Immunological characterization of a gidA mutant strain of Salmonella for potential use in a live-attenuated vaccine
Department of Animal Sciences, University of Wisconsin-Madison, 1675 Observatory Dr, Madison, WI, 53706, USA
BMC Microbiology 2012, 12:286 doi:10.1186/1471-2180-12-286Published: 30 November 2012
Salmonella is often associated with gastrointestinal disease outbreaks in humans throughout the world due to the consumption of contaminated food. Our previous studies have shown that deletion of glucose-inhibited division gene (gidA) significantly attenuated Salmonella enterica serovar Typhimurium (STM) virulence in both in vitro and in vivo models of infection. Most importantly, immunization with the gidA mutant protected mice from a lethal dose challenge of wild-type STM. In this study, we further characterize the gidA mutant STM strain for potential use in a live-attenuated vaccine.

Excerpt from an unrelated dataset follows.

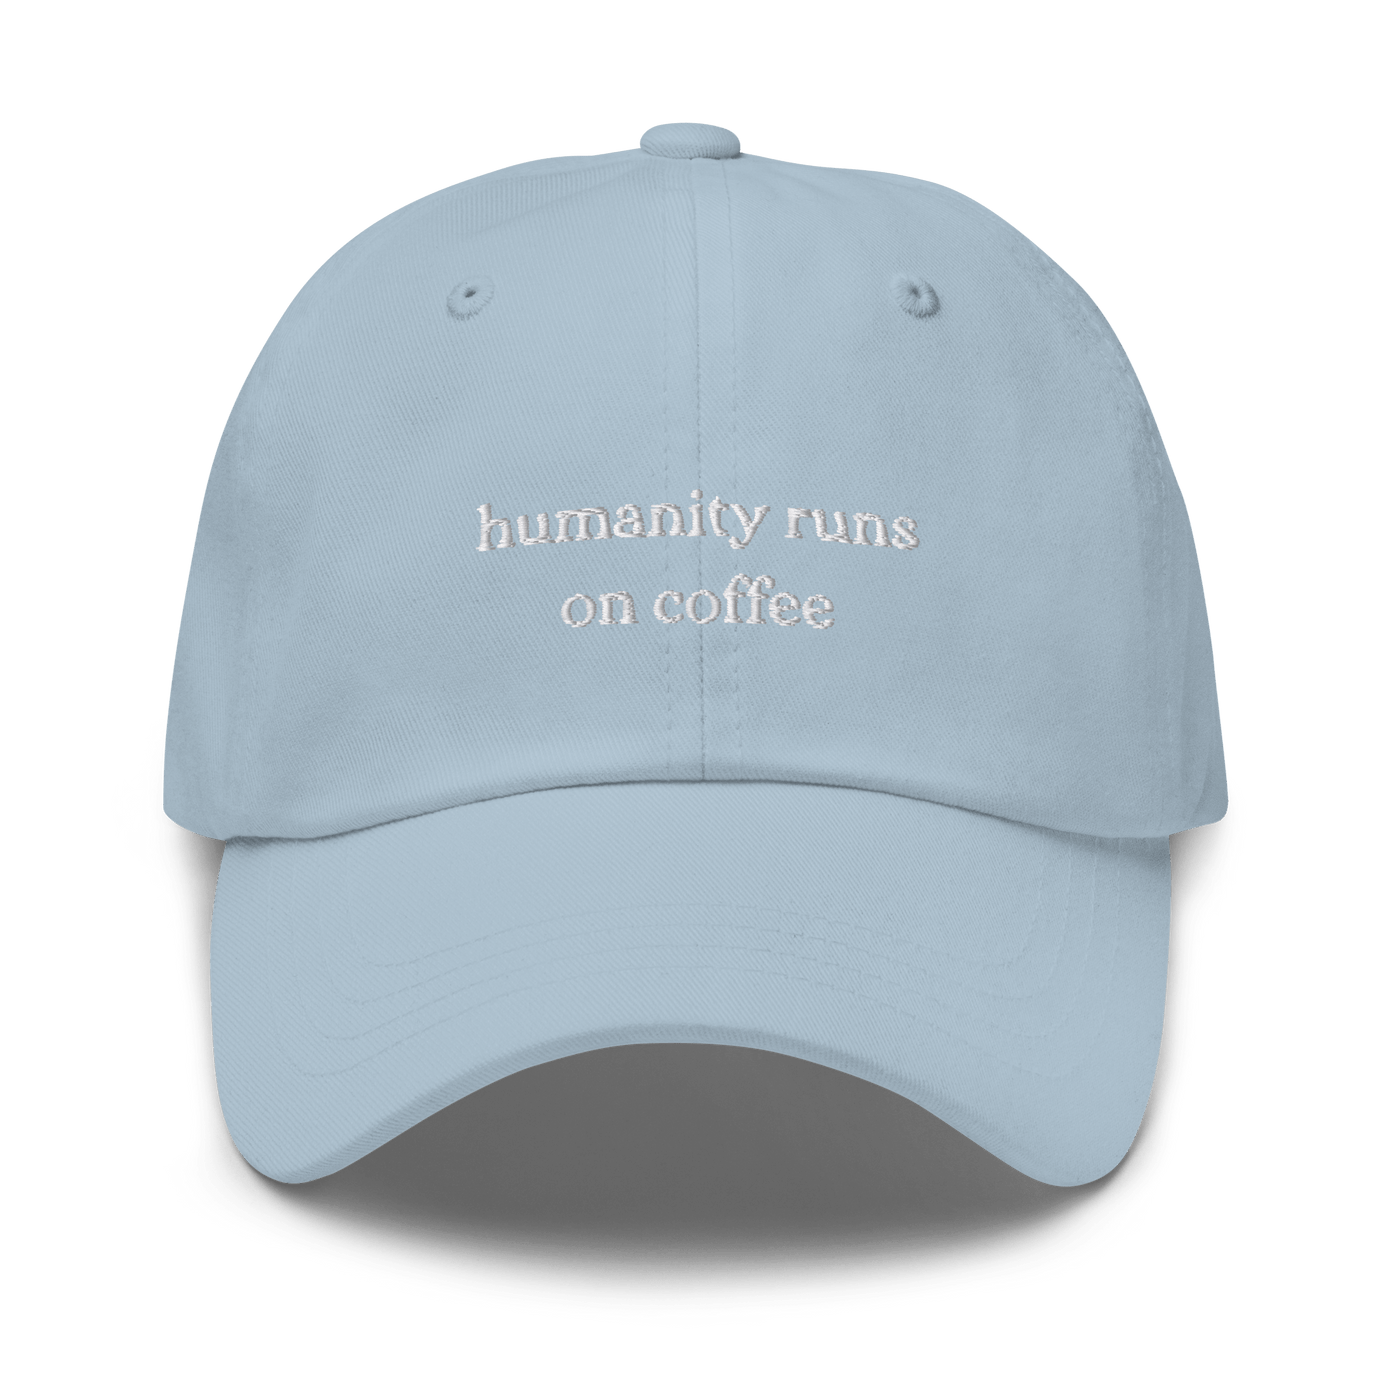 Humanity Runs on Coffee Dad hat - Light Blue - - Just Another Cap Store
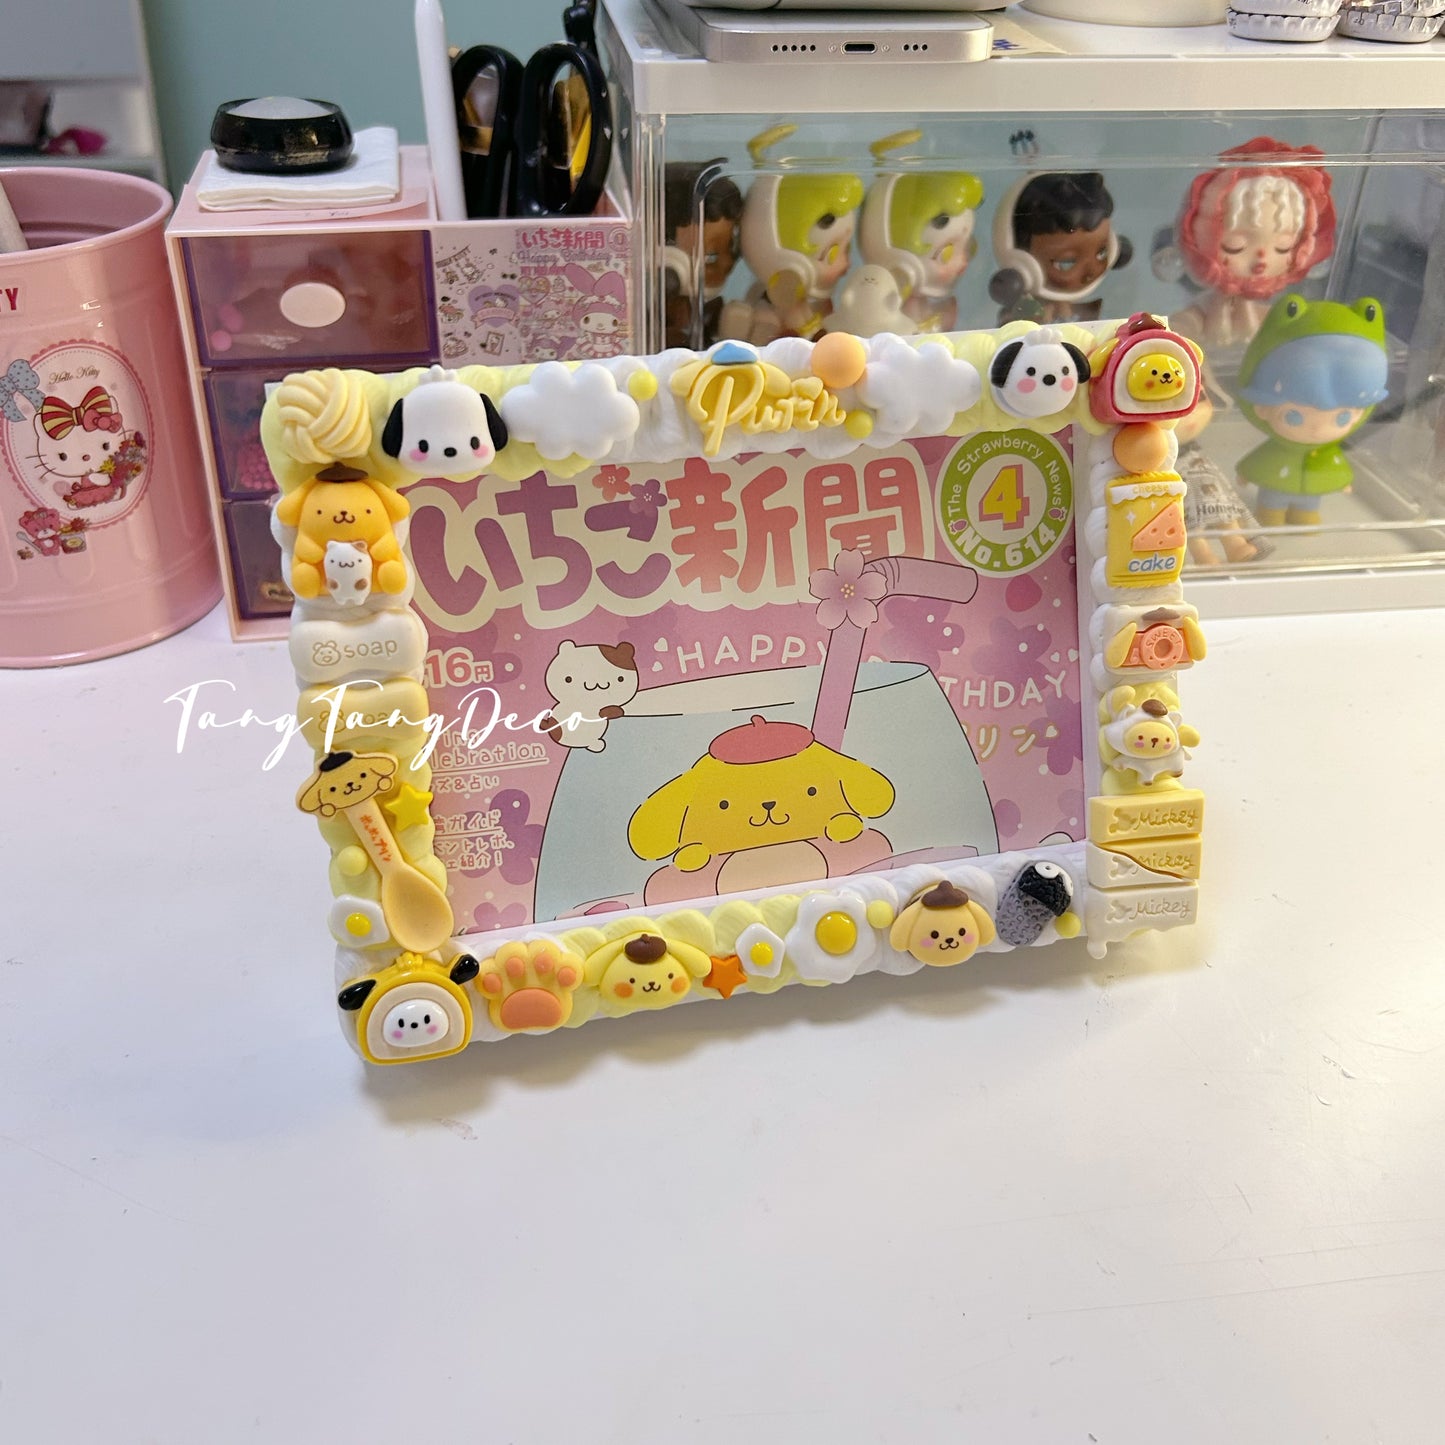 Pompom Purin and Pochacco picture frame

The protective efficacy of immunization with the gidA mutant was evaluated by challenging immunized mice with a lethal dose of wild-type STM. Sera levels of IgG2a and IgG1, passive transfer of sera and cells, and cytokine profiling were performed to study the induction of humoral and cellular immune responses induced by immunization with the gidA mutant strain. Additionally, a lymphocyte proliferation assay was performed to gauge the splenocyte survival in response to treatment with STM cell lysate. Mice immunized with the gidA mutant strain were fully protected from a lethal dose challenge of wild-type STM. Naïve mice receiving either cells or sera from immunized mice were partially protected from a lethal dose challenge of wild-type STM. The lymphocyte proliferation assay displayed a significant response of splenocytes from immunized mice when compared to splenocytes from non-immunized control mice. Furthermore, the immunized mice displayed significantly higher levels of IgG1 and IgG2a with a marked increase in IgG1. Additionally, immunization with the gidA mutant strain evoked higher levels of IL-2, IFN-γ, and IL-10 cytokines in splenocytes induced with STM cell lysate.
Together, the results demonstrate that immunization with the gidA mutant strain protects mice by inducing humoral and cellular immune responses with the humoral immune response potentially being the main mechanism of protection.